Ferhat Mehenni, leader du Mouvement pour l’Autodétermination de la Kabylie (MAK) et de l’Anavad (Gouvernement Provisoire de Kabylie) qu’il a fondé lui même en 2010 à Paris (France), a franchi le pas dans un discours prononcé lors d’une conférence animée à Londres. Il a clairement appelé les Kabyles à prendre les armes et constituer un «corps de sécurité Kabyle» dans l’objectif d’acquérir «l’indépendance de la Kabylie».

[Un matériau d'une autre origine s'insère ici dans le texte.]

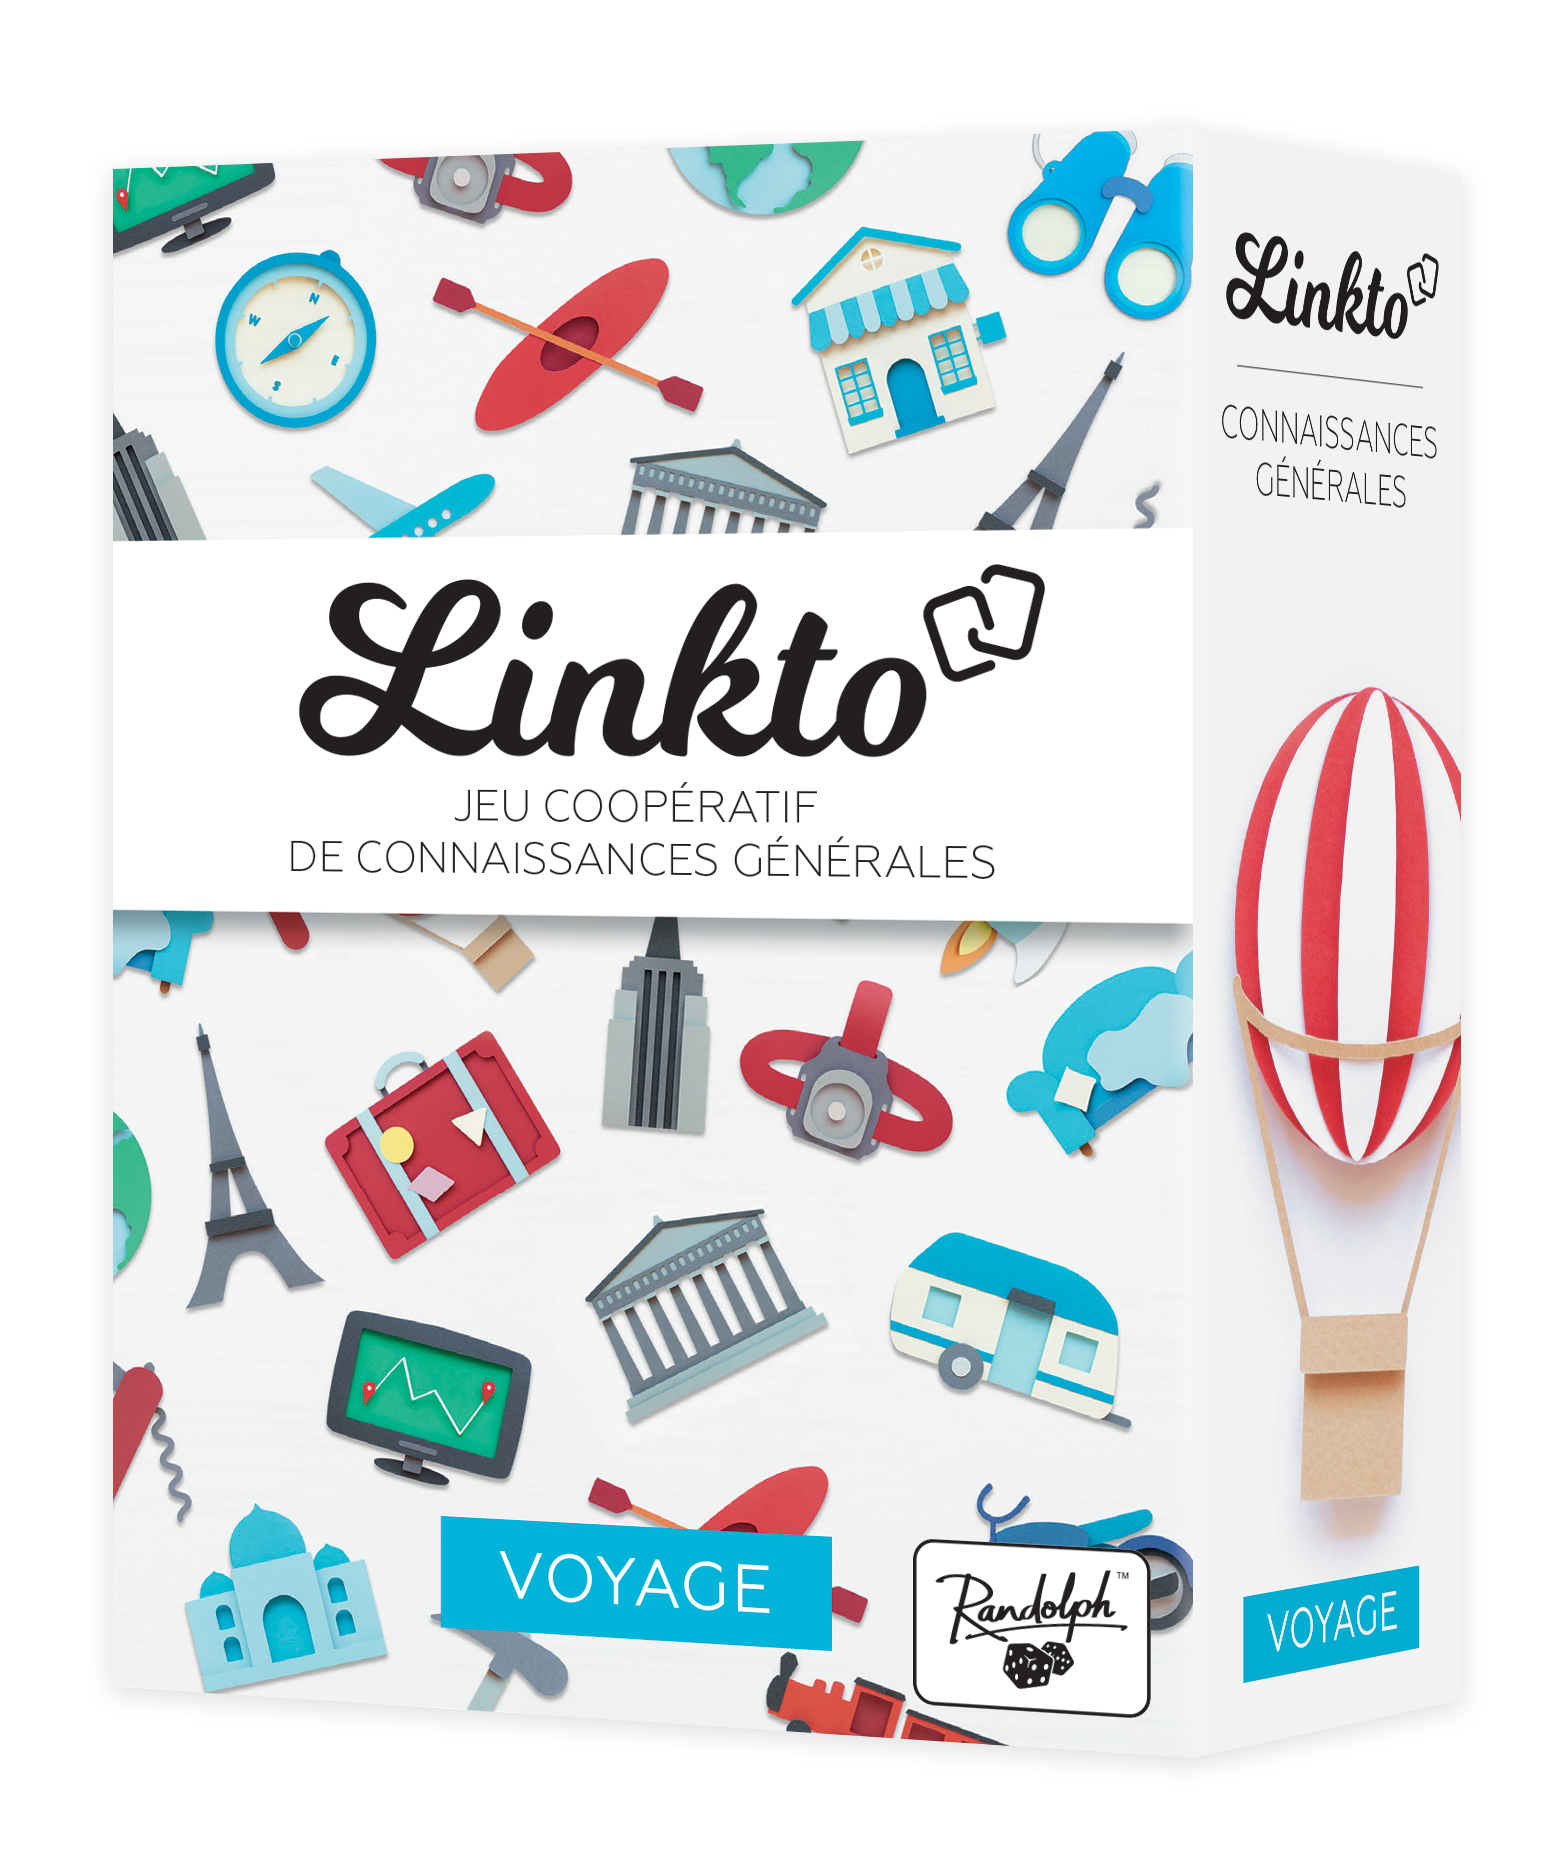 Linkto : Voyage - LilloJEUX - Boutique de jeux de société québécoise
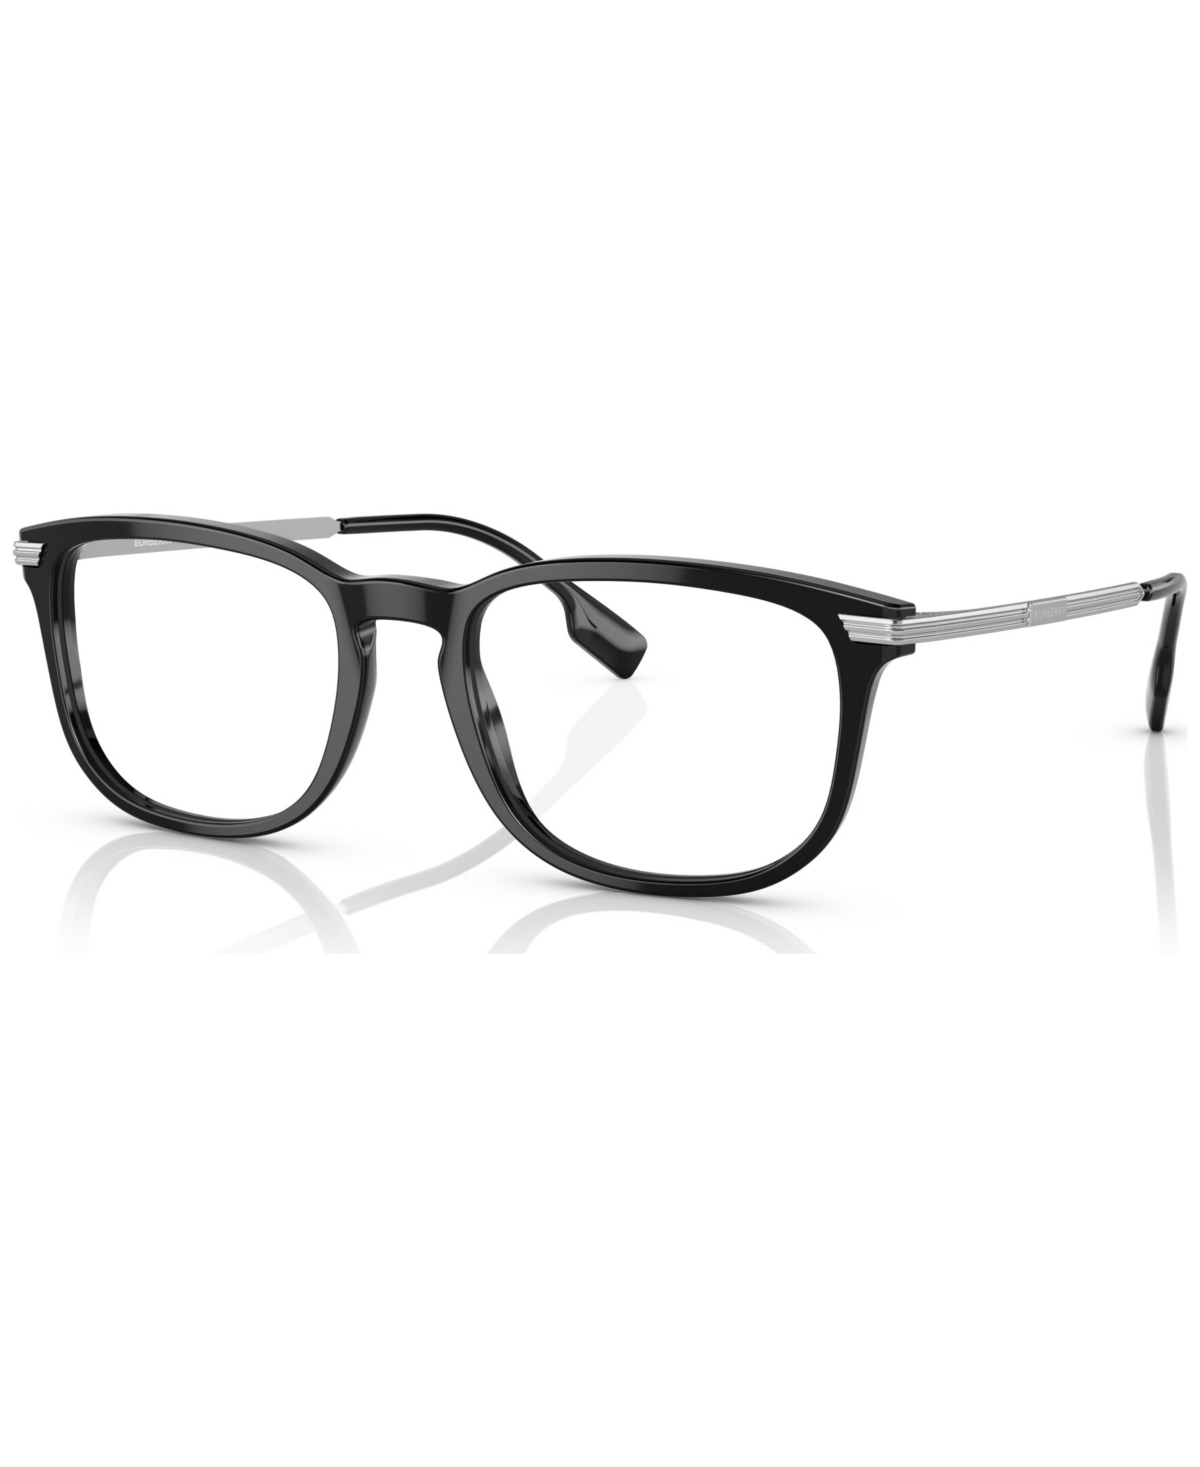 Men's Rectangle Eyeglasses, BE236956-o - Black

«Pour que cette indépendance devienne une réalité, j’appelle la Kabylie, le peuple Kabyle à accepter de bonne grâce et en toute conscience la mise sur pied d’un corps de contrainte, d’une organisation de sécurité de la Kabylie» a déclaré Ferhat Mehenni devant ses militants au Royaume Uni. L’ancien chanteur engagé,  fondateur du Rassemblement pour la Culture et la Démocratie (RCD), animateur du Mouvement Culturel Berbère et autonomiste converti en indépendantiste, mais jusque-là pacifiste, monte d’un cran et lance un appel aux jeunes Kabyles pour s’engager dans une lutte armée.

Ferhat Mehenni se compare à Charles de Gaulle et cite l’appel que ce dernier  a lancé depuis Londres pour libérer la France de la colonisation Nazie. Il appelle clairement les «jeunes Kabyles à s’engager dans ce corps de sécurité» pour «asseoir une autorité Kabyle et supplanter l’autorité algérienne». L’appel suscite d’ores et déjà la polémique et l’indignation en Kabylie.

La sortie du leader de la mouvance indépendantiste Kabyle intervient dans un contexte d’une fragilisation de sa base militante, causée par des dissidences au sein de son mouvement ainsi que la fondation de deux nouveaux mouvements concurrents en Kabylie. À savoir l’Union pour la République Kabyle (URK) prônant l’indépendance de la Kabylie et le Rassemblement pour la Kabylie (RPK) revendiquant quant à lui l’autonomie de la Kabylie.